March 2004

Human Testing Addressed by
Academies Panel

The National Academies’ National Research Council recently presented the EPA with a report it had requested nearly two years ago regarding the use of human testing for pesticides and other compounds (CS, June 2002). Although it does not recommend banning human exposure outright, testing should only be considered by the agency if it addresses regulatory questions that cannot be answered with animal studies or other testing that does not involve humans.

The recommendations are expected to influence the agency’s draft of intentional dosing studies. EPA had attempted to institute a ban in a December 2001 press release that pledged to refrain from using human data until the academies’ study was completed, but the policy was challenged and struck down in June of 2003. Now that the report is out, the agency must decide how to handle such data.

The authors of the report urged EPA to add several procedures to ensure that such studies adhere to more rigorous ethical and scientific requirements. Equitable selection and recruitment of human subjects and obtaining informed consent from those volunteers were also recommended steps. They also recommended creation of a Human Studies Review Board to evaluate all human dosing studies that are undertaken under agency auspices, and it is hoped that private researchers would submit studies to the board prior to conducting them.

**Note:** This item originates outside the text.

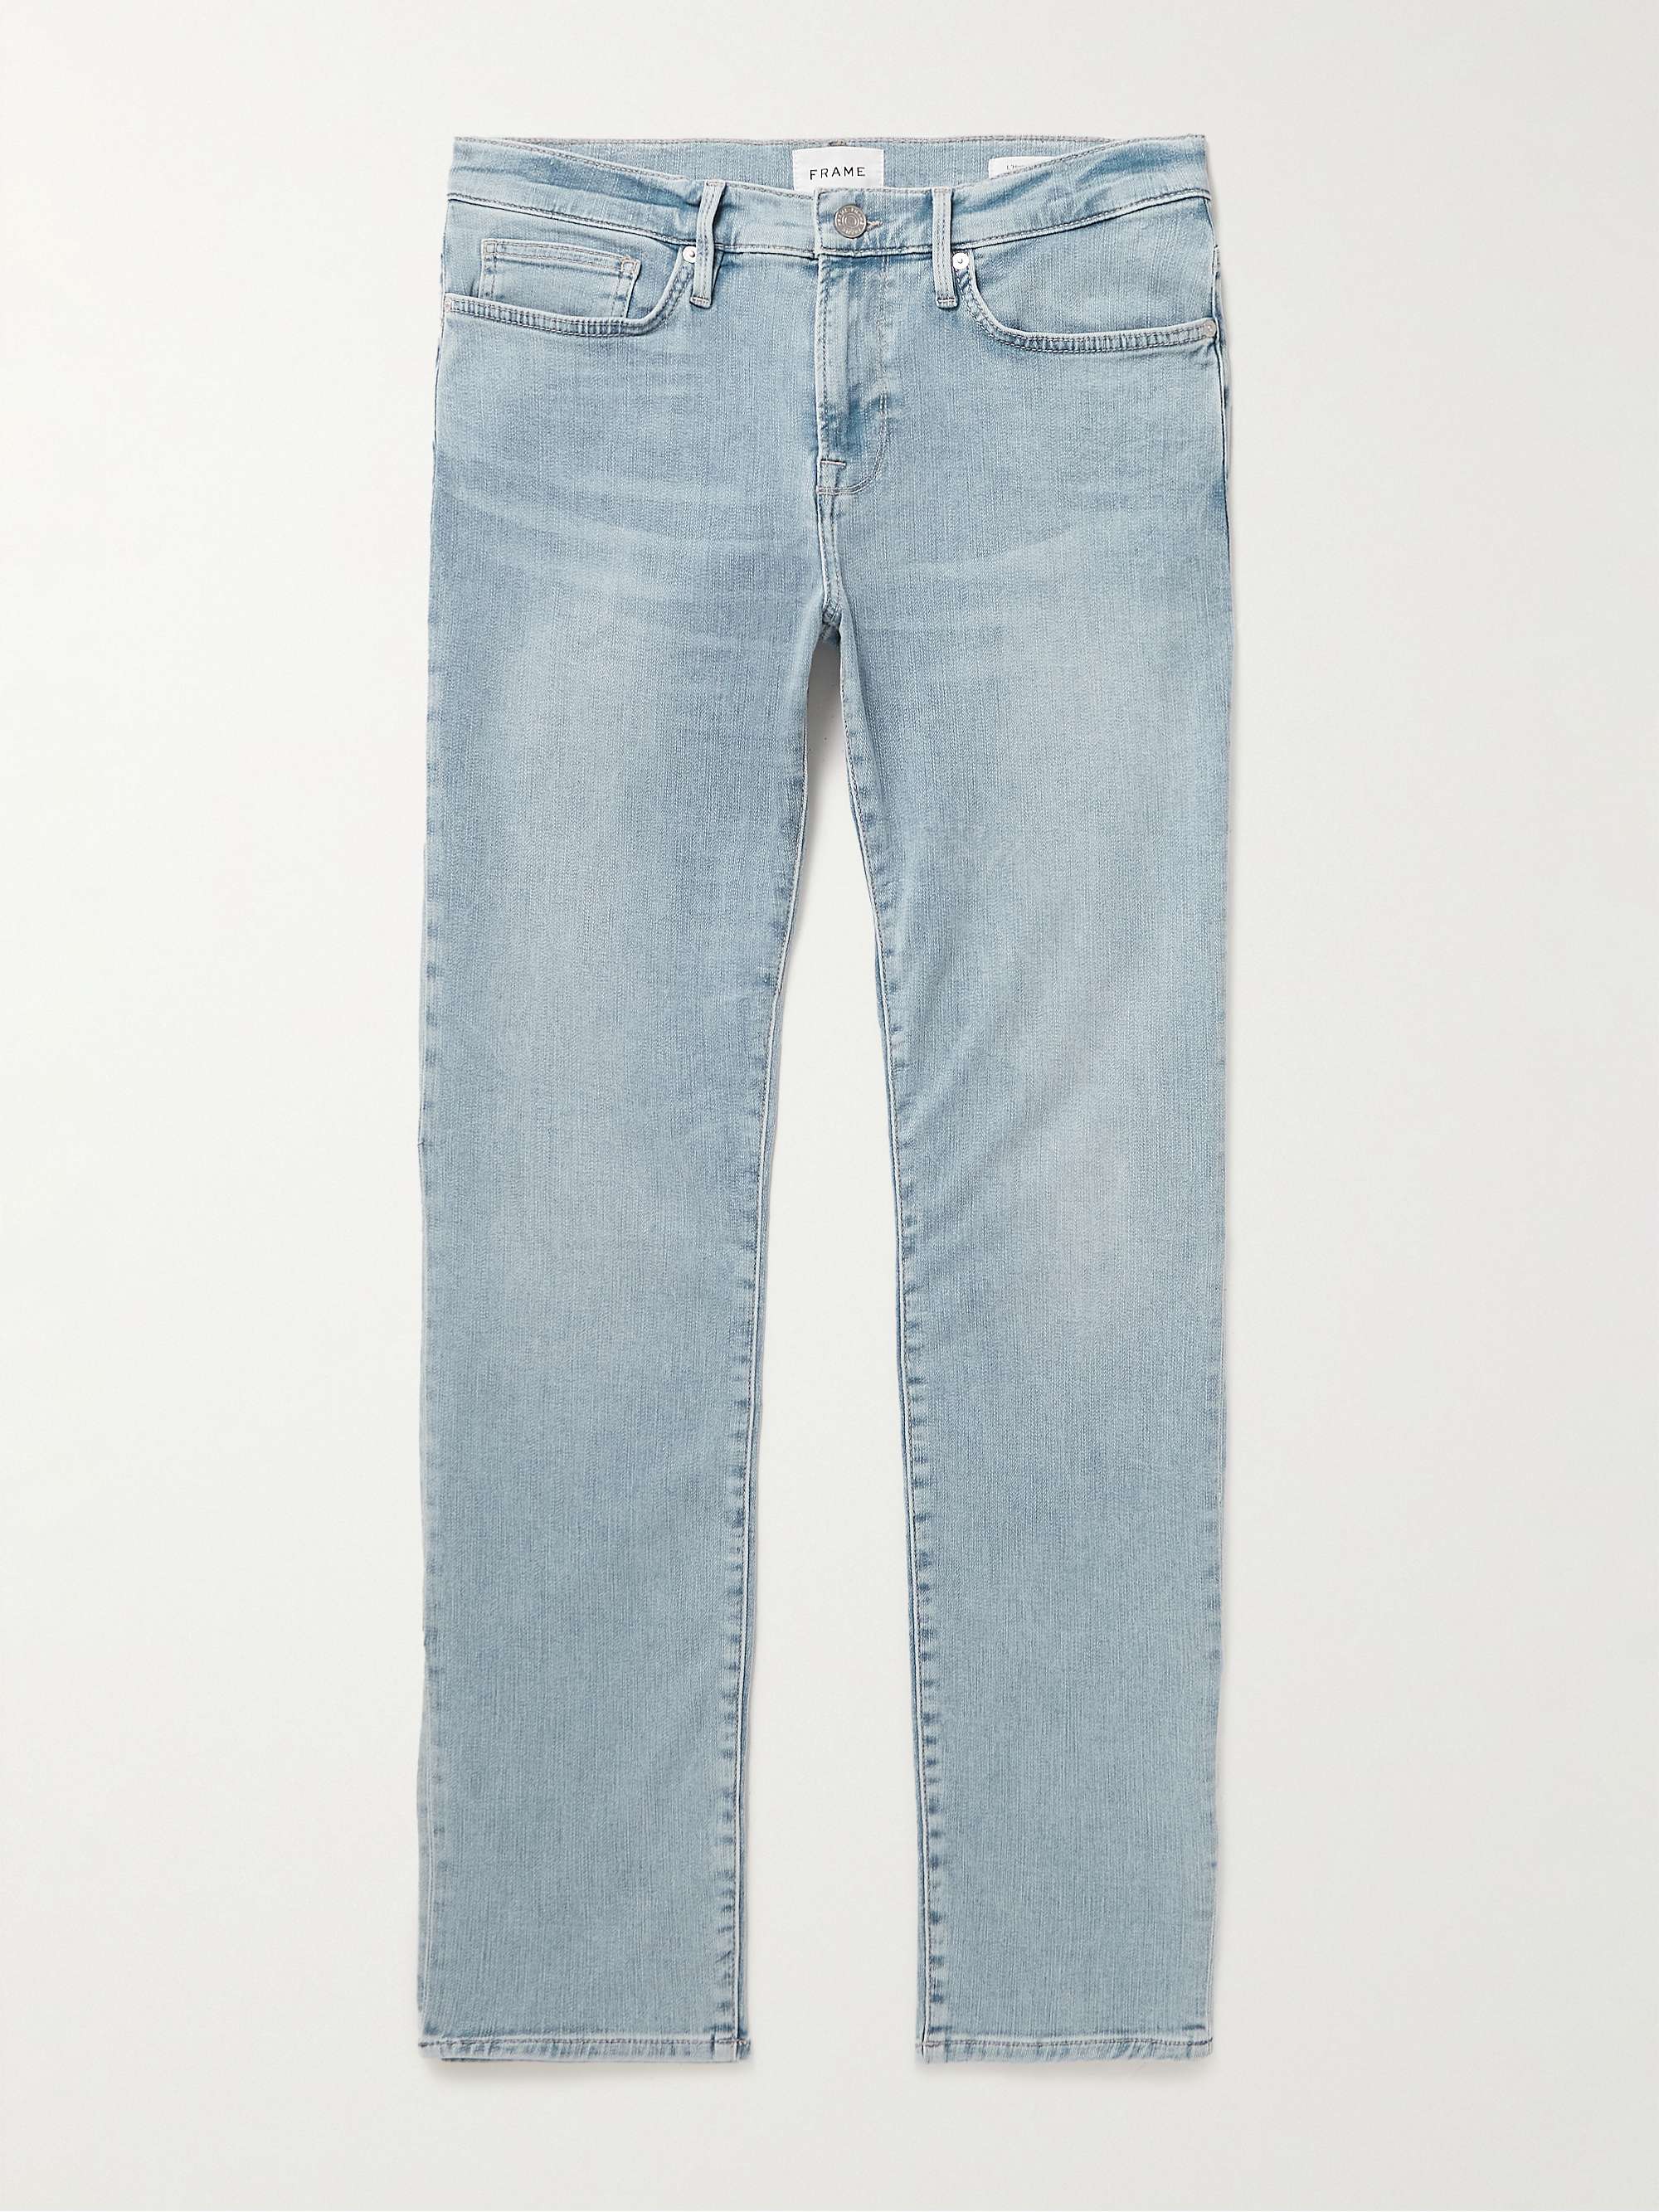 FRAME L'Homme Skinny-Fit Jeans | MR PORTER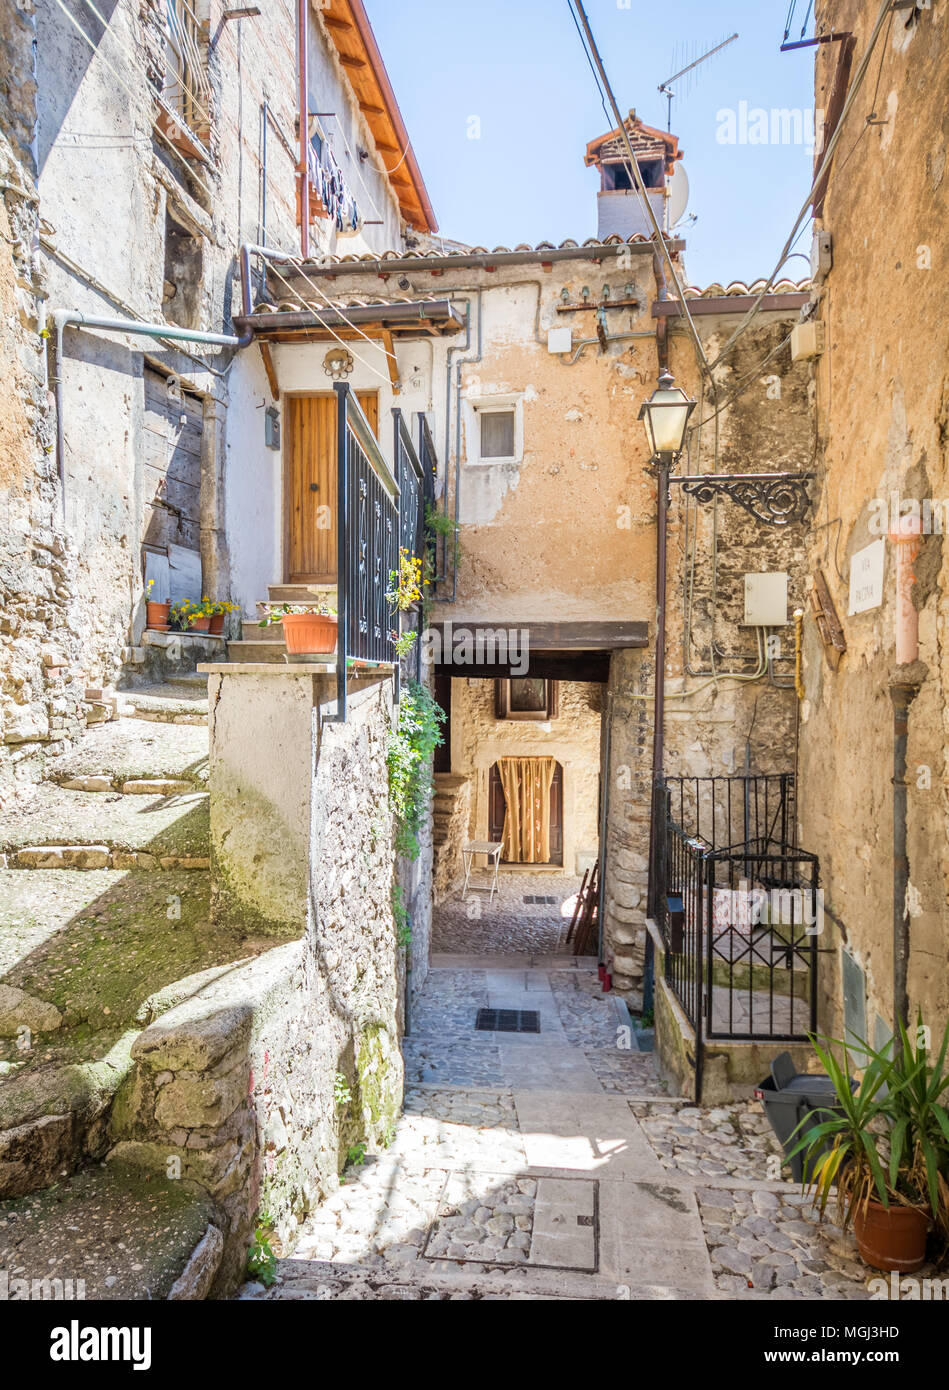 Malerische Anblick in Poggio Moiano, ländlichen Dorf in der Provinz Rieti in der italienischen Region Latium. Stockfoto

Many data submitters believe that current human data would fulfill the recommended requirements because it was conducted in accordance with the Common Rule, a set of federal regulations governing the protection of human subjects. The regulations were simultaneously adopted by 15 agencies and departments in 1991, including the EPA and the Departments of Agriculture, Defense, Energy, and Health and Human Services. (Chemical Regulation Reporter, 2/23/04).